### Task description
Would you return the data below exactly as it stands, with every picture left out?

### Stored data
+++

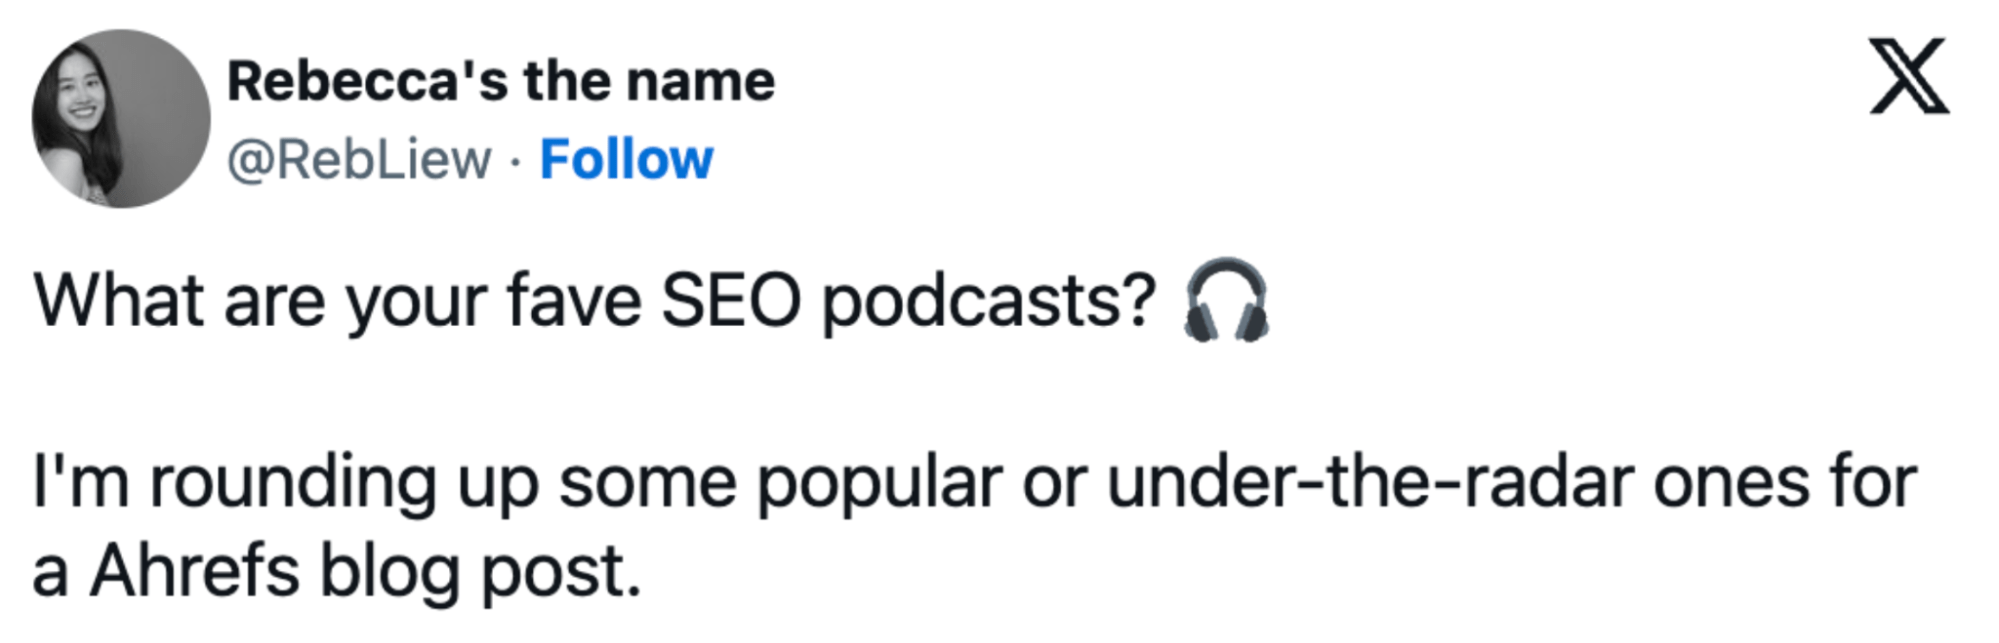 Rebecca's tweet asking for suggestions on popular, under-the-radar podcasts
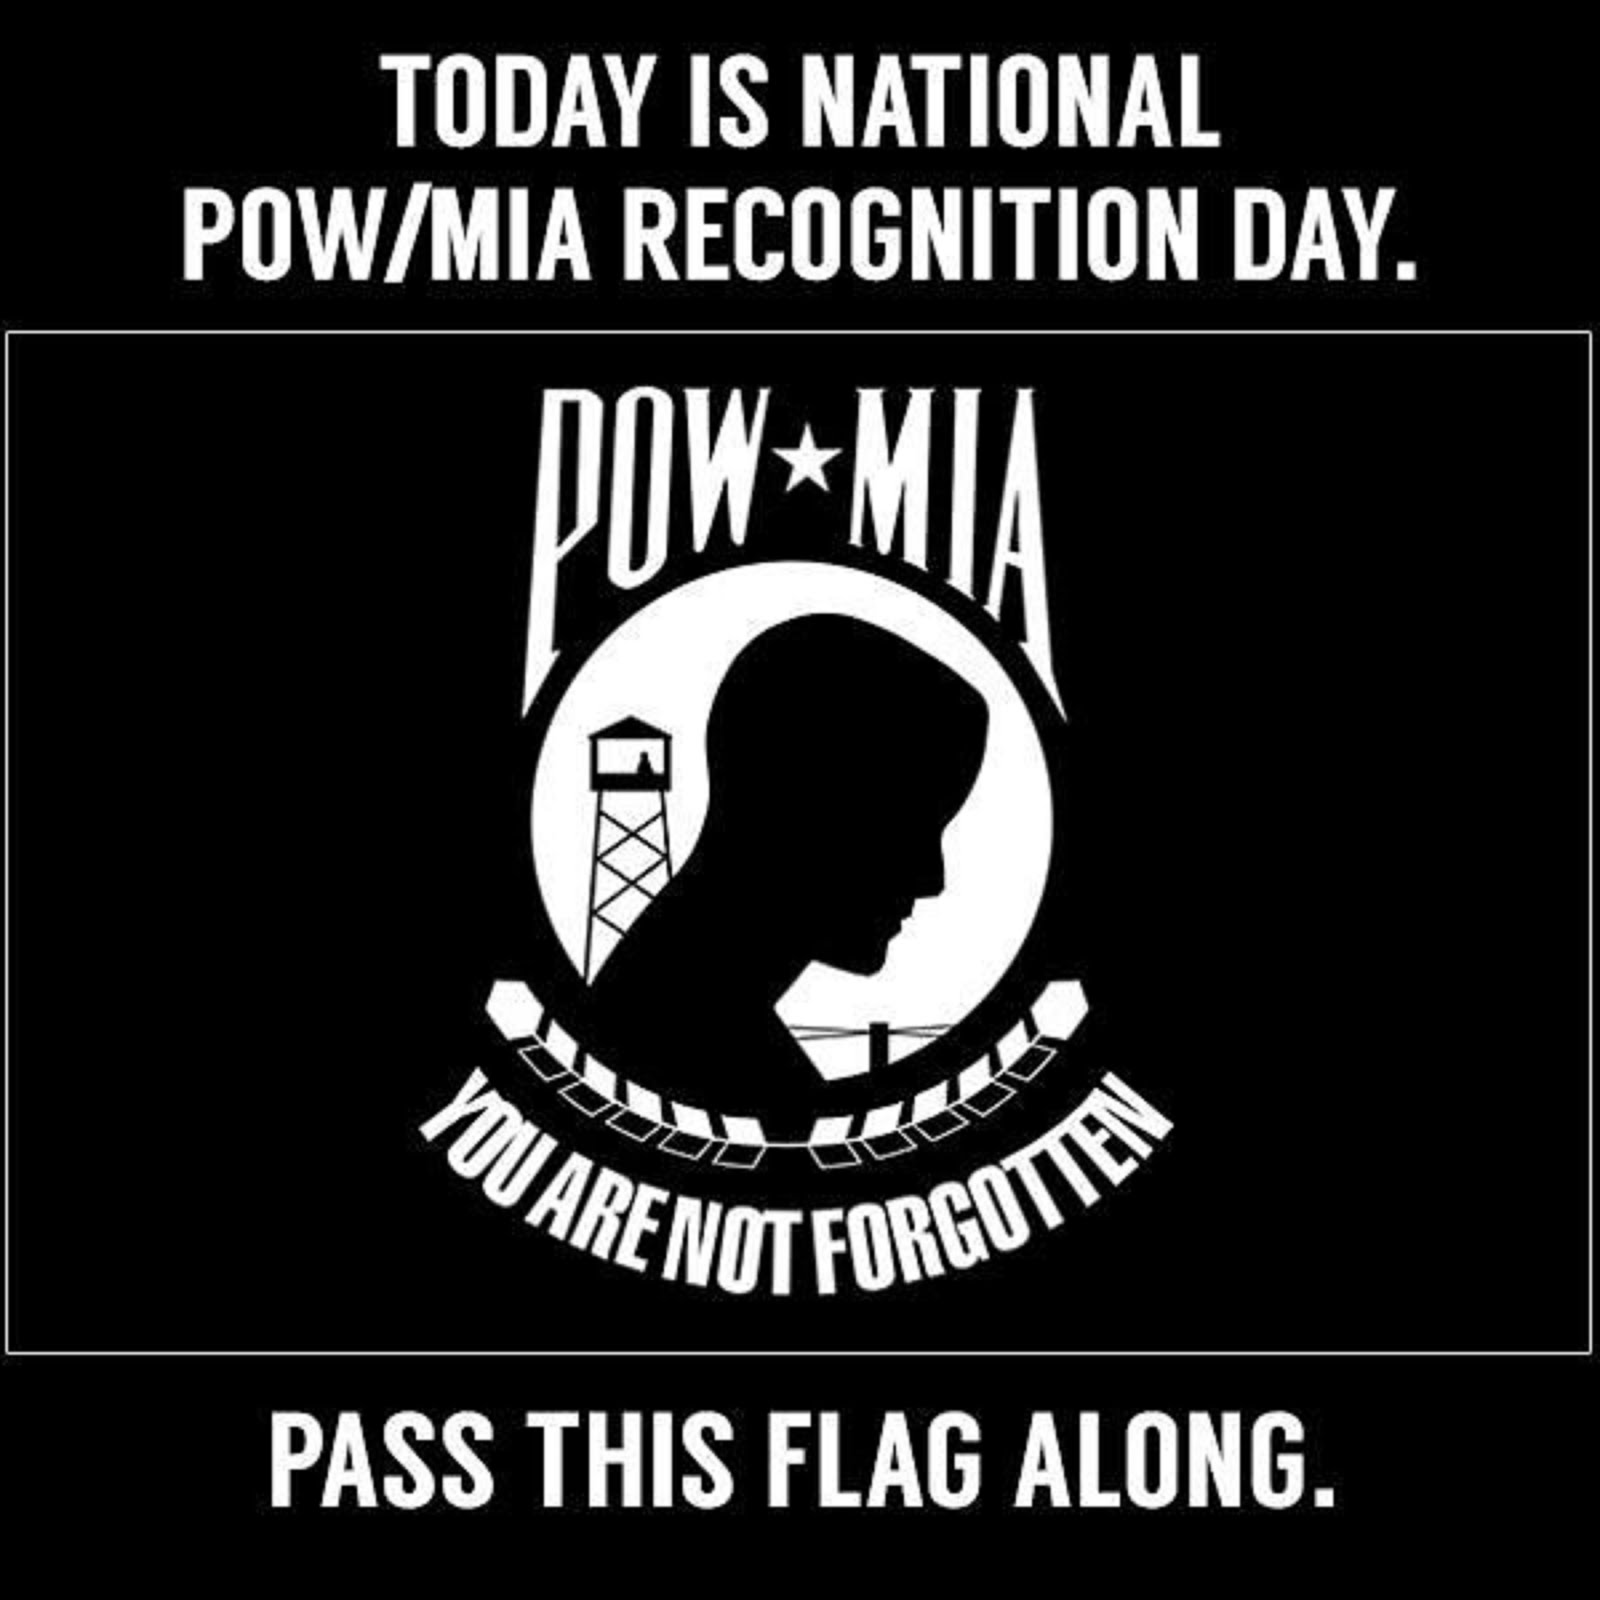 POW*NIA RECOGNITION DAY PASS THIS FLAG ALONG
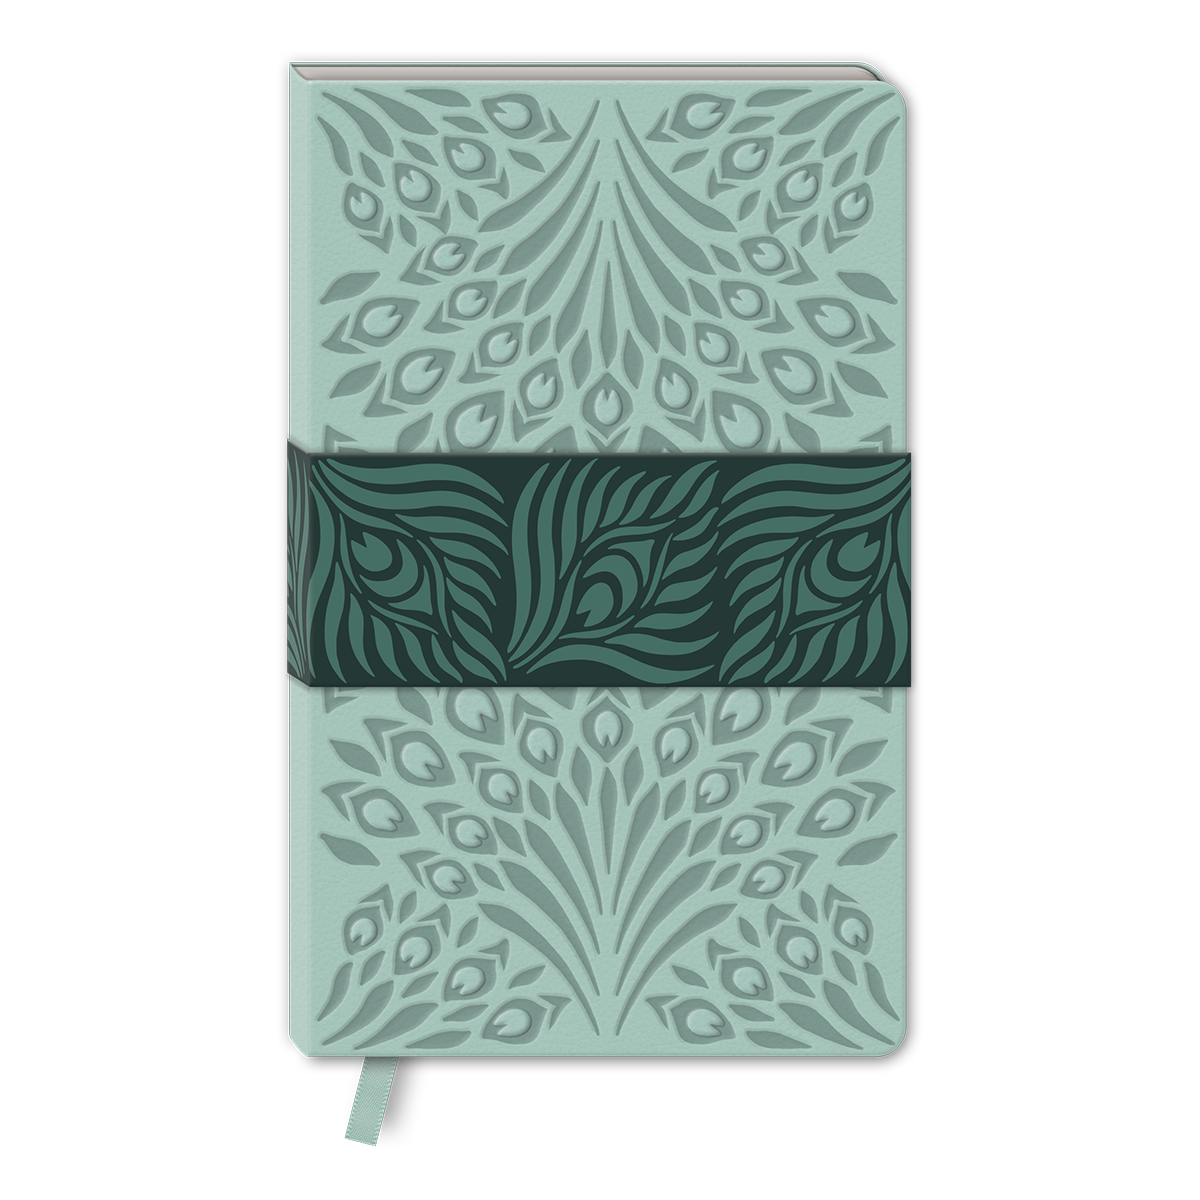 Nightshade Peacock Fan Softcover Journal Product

+++

### Completed task
 Rebecca's tweet asking for suggestions on popular, under-the-radar podcasts
 POW*NIA RECOGNITION DAY PASS THIS FLAG ALONG
 Nightshade Peacock Fan Softcover Journal Product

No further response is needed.